Identifying the influence of blade number and angle of attack on a breastshot type waterwheel micro hydroelectric power generator using ANOVA

Authors

DOI:

https://doi.org/10.15587/1729-4061.2023.286040

Keywords:

breastshot waterwheel, ANOVA analysis, blade number, angle of attack

Abstract

This study focuses on optimizing the performance of micro-hydro power generation, specifically the breastshot type waterwheel. The limited availability of non-renewable energy sources and the high cost of developing renewable energy sources in the energy sector pose challenges, making it essential to find new energy sources and improve energy efficiency. The 2004–2022 national electricity plan aims to increase electricity access in rural areas, including remote regions like Bogor Regency, where access to electricity is limited.
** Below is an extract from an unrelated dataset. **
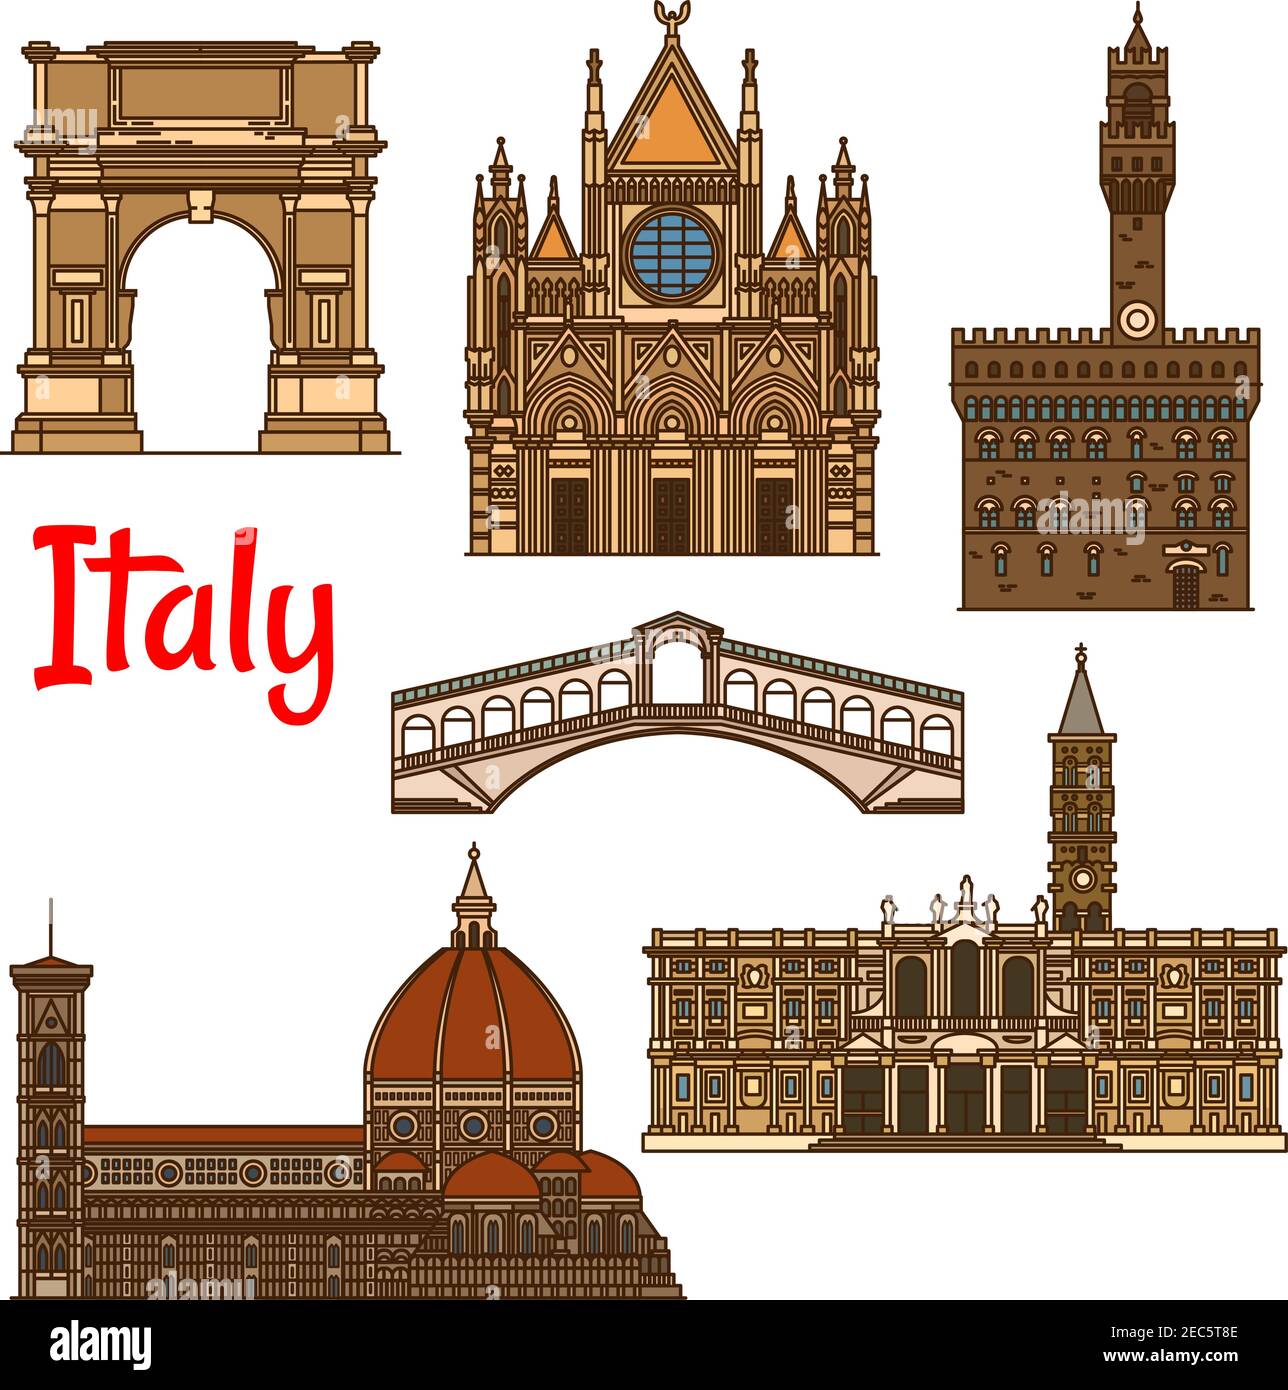 Tour storico italiano icona con la Cattedrale lineare di Firenze, la Chiesa di Santa Maria maggiore, la Cattedrale di Siena, il Ponte di Rialto, l'antico Arco di Illustrazione Vettoriale

Many residents have constructed their own micro hydroelectric power generators, but their vulnerability to natural disasters is a concern. The study investigates the potential of breastshot waterwheel technology for micro hydroelectric power generation.

The study involved testing a micro hydro power plant with 6, 8, and 10 blades and blade angles of 0°, 30°, and 45°. The current research focuses on performance optimization, including the use of ANOVA analysis to know the significant impact of blade number and angle on the waterwheel’s rotation.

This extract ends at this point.